Today, I learned about the IP fragmentation and reassembly.
So, our network usually have MTU (Max Transimission Unit): maximum amount of data that a link-layer frame can carry (max size of an IP packet). Different data link protocols (like Ethernet, WiFi) have different MTUs.
The important point is that if a IP packet arrives at a router with larger size of packet than MTU, then the router divides it into smaller packet. See this picture to understand.
Large IP datagram is divided within net.
- one datagram becomes several datagrams
- "reassembled" only at the final destination
- IP header fields are used to identify and order fragments
- The packet is not reassembled at the next router: keep the net core simplel; meaning less computation on routers, so routers process packets faster.
- IP fragmentation is implemented if it is required again at next router.
Now we can see some example of IP fragmentation.
So if we have 4000 byte datagram, and MTU is 1500 bytes.
20 bytes are allocated to bytes header.

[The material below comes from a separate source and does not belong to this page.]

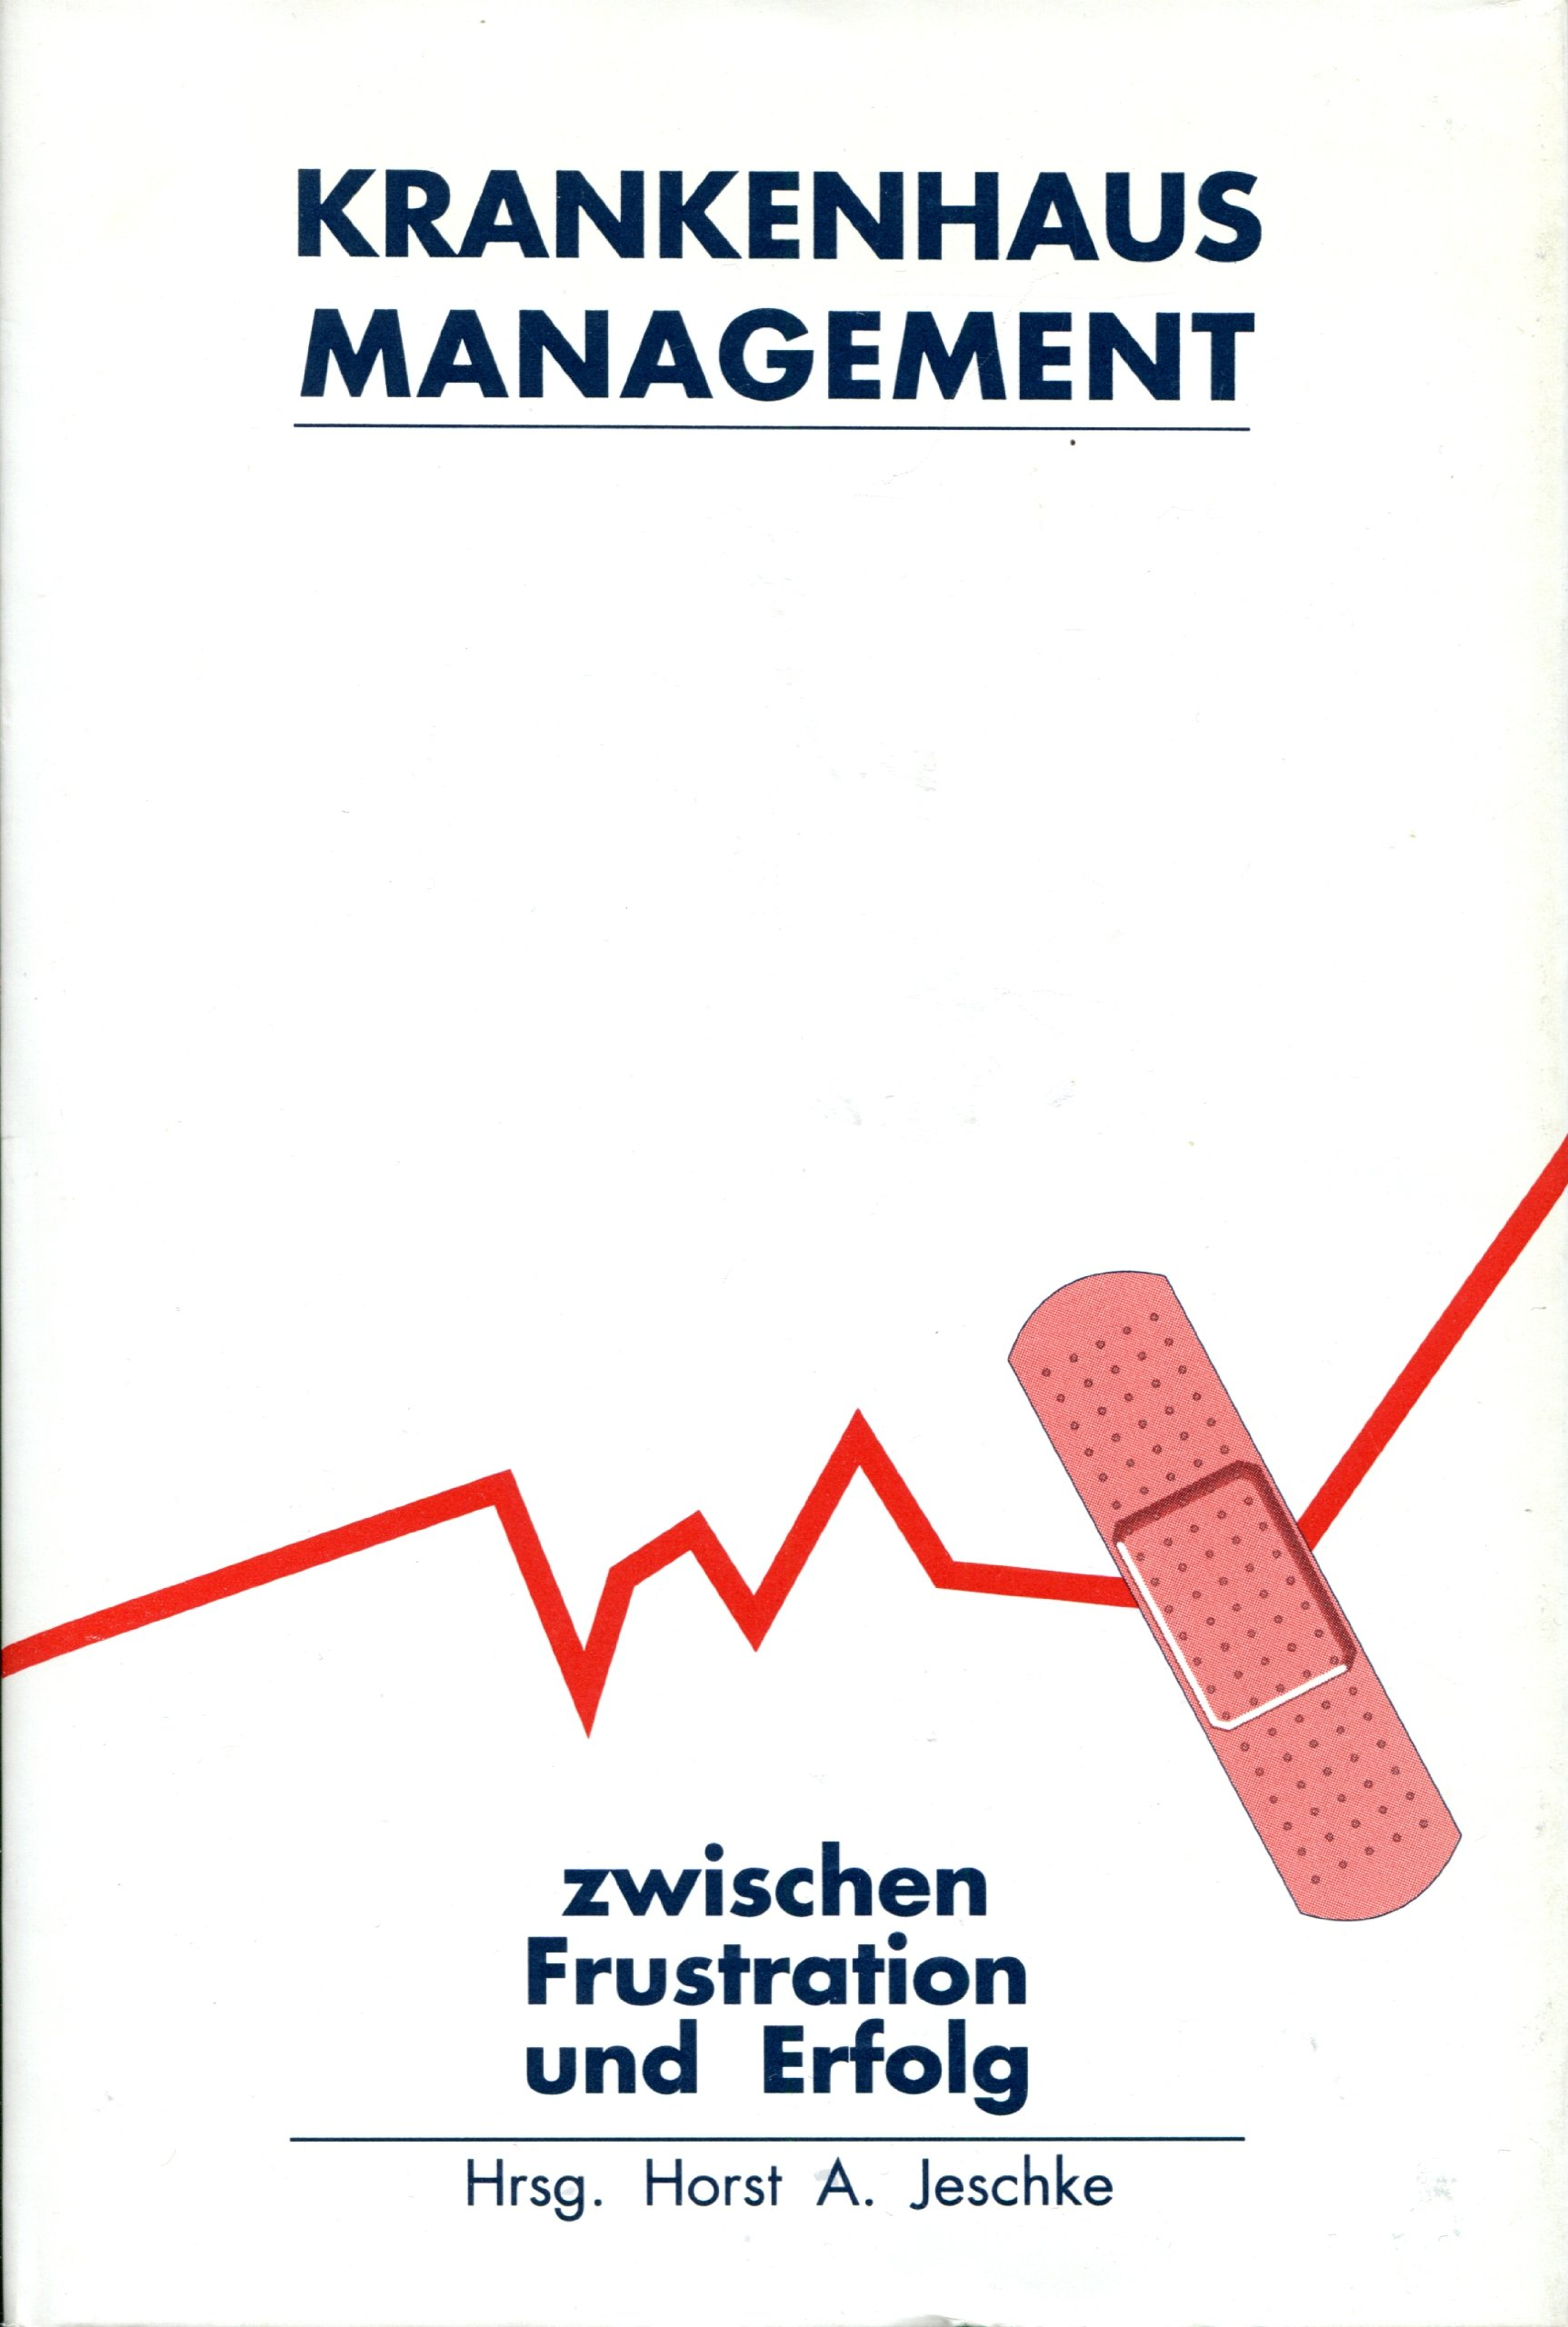 Krankenhausmanagement zwischen Frustration und Erfolg: Amazon.de ...
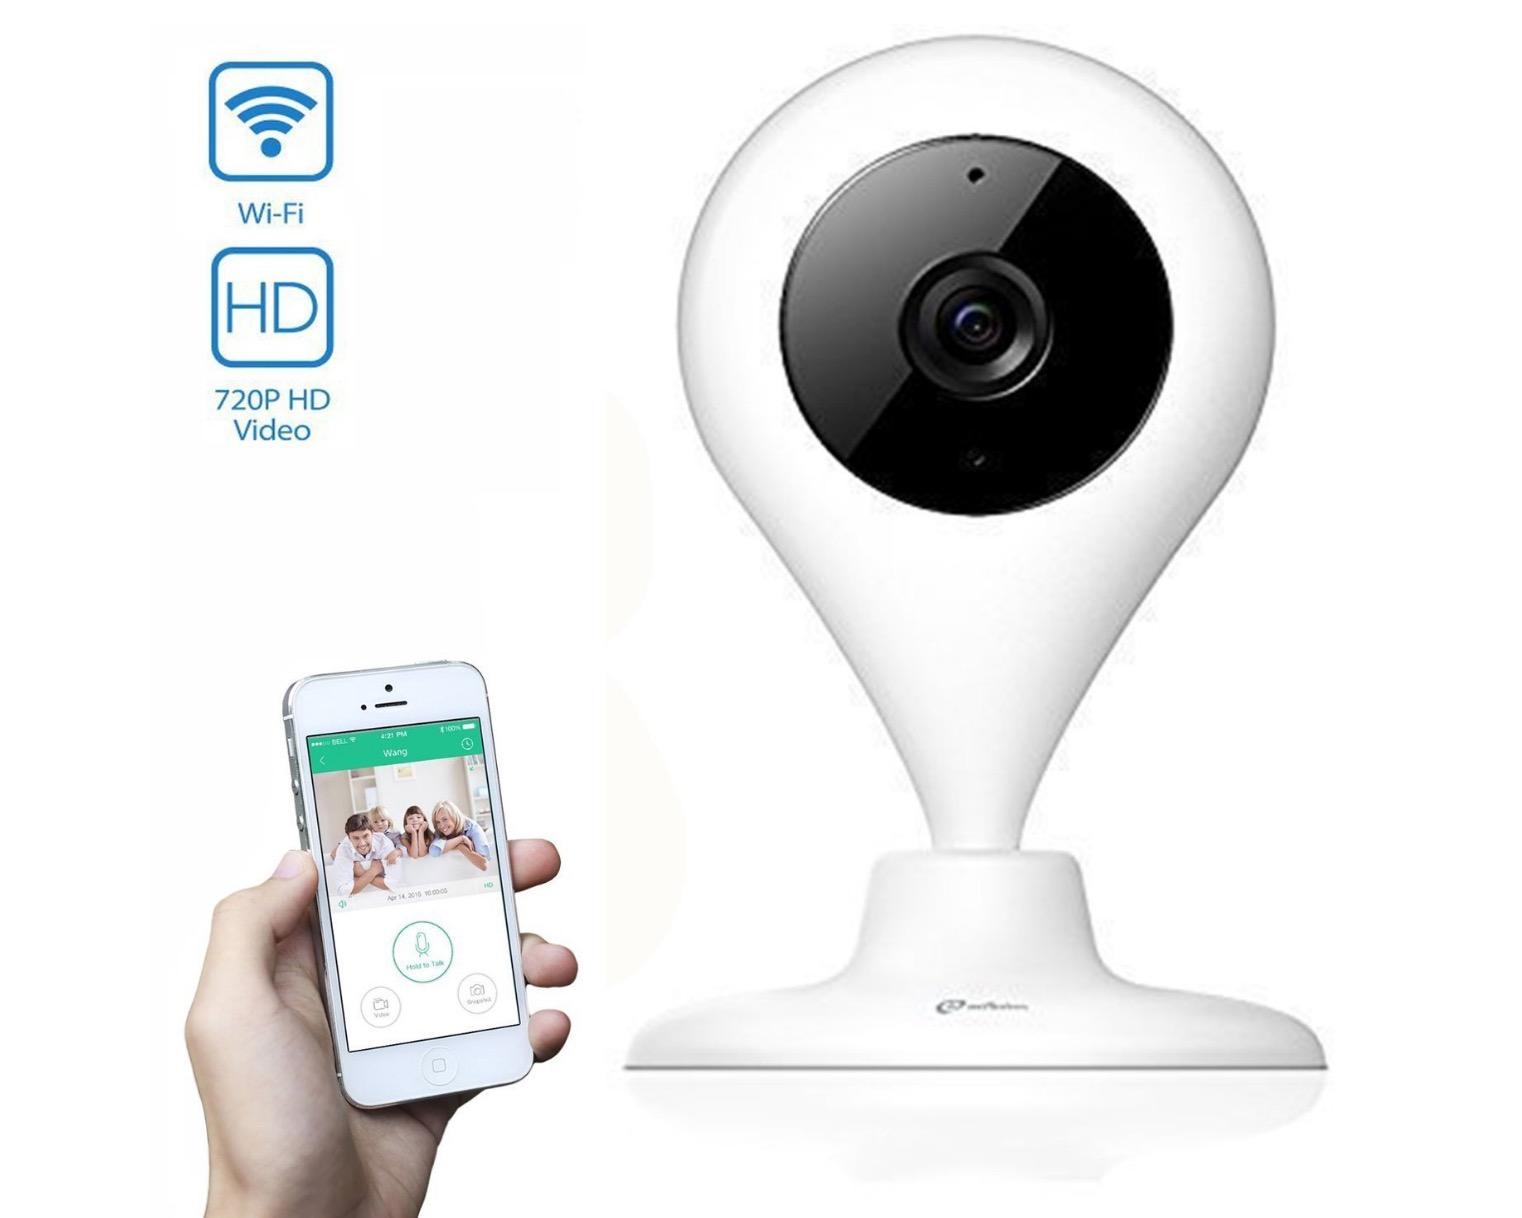 Sconti lampo su Amazon: cannocchiale smartphone 50€, hub USB-C 17€, telecamera wireless 28 ...

It means the payload bytes is 3980.
This is how IP fragmentation works in this case.
MTU is 1500. 20 is for header and 1480 would be the data field.
The first offset is gonna be "0."
The second offset is gonna be 1480 / 8 = 185.
The third offset is gonna be (1480 + 1480)/8 = 370.
So, what is offset? 🤨
Offset is specified in units of 8-bytes chunks.
At the end of the fragmentation, the flag is 0 for the last fragment.
Now, we can go over the next example.
Example: 1600 byte datagram, MTU = 500 bytes.
It would be 480, 480, 480, 160 (sum should be 1600) are gonna be the payload size of each fragmentation.
With header, these are gonna be 500, 500, 500, 180.
The answer is like this:
The first offset is gonna be 0, second: 60, third: 120 and the last offset is 180.
So, this is helpful to understand how source is transmitted to router. If the TTL(Time to Live) is 0, then the network drops the packet.